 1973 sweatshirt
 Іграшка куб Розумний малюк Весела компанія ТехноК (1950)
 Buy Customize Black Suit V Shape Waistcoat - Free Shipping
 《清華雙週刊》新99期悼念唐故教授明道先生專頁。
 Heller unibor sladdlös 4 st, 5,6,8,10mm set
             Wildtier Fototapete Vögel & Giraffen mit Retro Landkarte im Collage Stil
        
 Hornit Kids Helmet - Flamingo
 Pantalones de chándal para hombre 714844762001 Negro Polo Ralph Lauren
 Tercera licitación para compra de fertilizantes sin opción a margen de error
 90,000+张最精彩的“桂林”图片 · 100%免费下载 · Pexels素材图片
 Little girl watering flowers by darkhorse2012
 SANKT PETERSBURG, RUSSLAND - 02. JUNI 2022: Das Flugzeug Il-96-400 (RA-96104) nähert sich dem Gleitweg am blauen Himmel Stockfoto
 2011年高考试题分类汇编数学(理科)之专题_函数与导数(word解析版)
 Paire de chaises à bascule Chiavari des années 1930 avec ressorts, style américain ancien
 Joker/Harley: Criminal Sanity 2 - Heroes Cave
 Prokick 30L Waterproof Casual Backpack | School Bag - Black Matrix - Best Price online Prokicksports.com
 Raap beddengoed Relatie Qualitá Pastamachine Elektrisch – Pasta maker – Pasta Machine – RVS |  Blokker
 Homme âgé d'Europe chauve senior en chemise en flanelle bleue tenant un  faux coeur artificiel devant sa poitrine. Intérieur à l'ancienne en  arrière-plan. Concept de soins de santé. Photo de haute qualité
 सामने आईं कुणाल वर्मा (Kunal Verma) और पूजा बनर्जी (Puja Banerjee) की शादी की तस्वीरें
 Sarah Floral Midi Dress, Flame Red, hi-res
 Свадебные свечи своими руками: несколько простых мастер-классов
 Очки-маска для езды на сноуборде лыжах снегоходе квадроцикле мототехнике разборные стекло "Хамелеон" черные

#### [TASK DESCRIPTION]
Nothing but the lines from the top of the records down to the line with "Joker/Harley: Criminal Sanity" belongs in the answer; repeat them exactly.

#### [YOUR RESPONSE]
 1973 sweatshirt
 Іграшка куб Розумний малюк Весела компанія ТехноК (1950)
 Buy Customize Black Suit V Shape Waistcoat - Free Shipping
 《清華雙週刊》新99期悼念唐故教授明道先生專頁。
 Heller unibor sladdlös 4 st, 5,6,8,10mm set
             Wildtier Fototapete Vögel & Giraffen mit Retro Landkarte im Collage Stil
        
 Hornit Kids Helmet - Flamingo
 Pantalones de chándal para hombre 714844762001 Negro Polo Ralph Lauren
 Tercera licitación para compra de fertilizantes sin opción a margen de error
 90,000+张最精彩的“桂林”图片 · 100%免费下载 · Pexels素材图片
 Little girl watering flowers by darkhorse2012
 SANKT PETERSBURG, RUSSLAND - 02. JUNI 2022: Das Flugzeug Il-96-400 (RA-96104) nähert sich dem Gleitweg am blauen Himmel Stockfoto
 2011年高考试题分类汇编数学(理科)之专题_函数与导数(word解析版)
 Paire de chaises à bascule Chiavari des années 1930 avec ressorts, style américain ancien
 Joker/Harley: Criminal Sanity 2 - Heroes Cave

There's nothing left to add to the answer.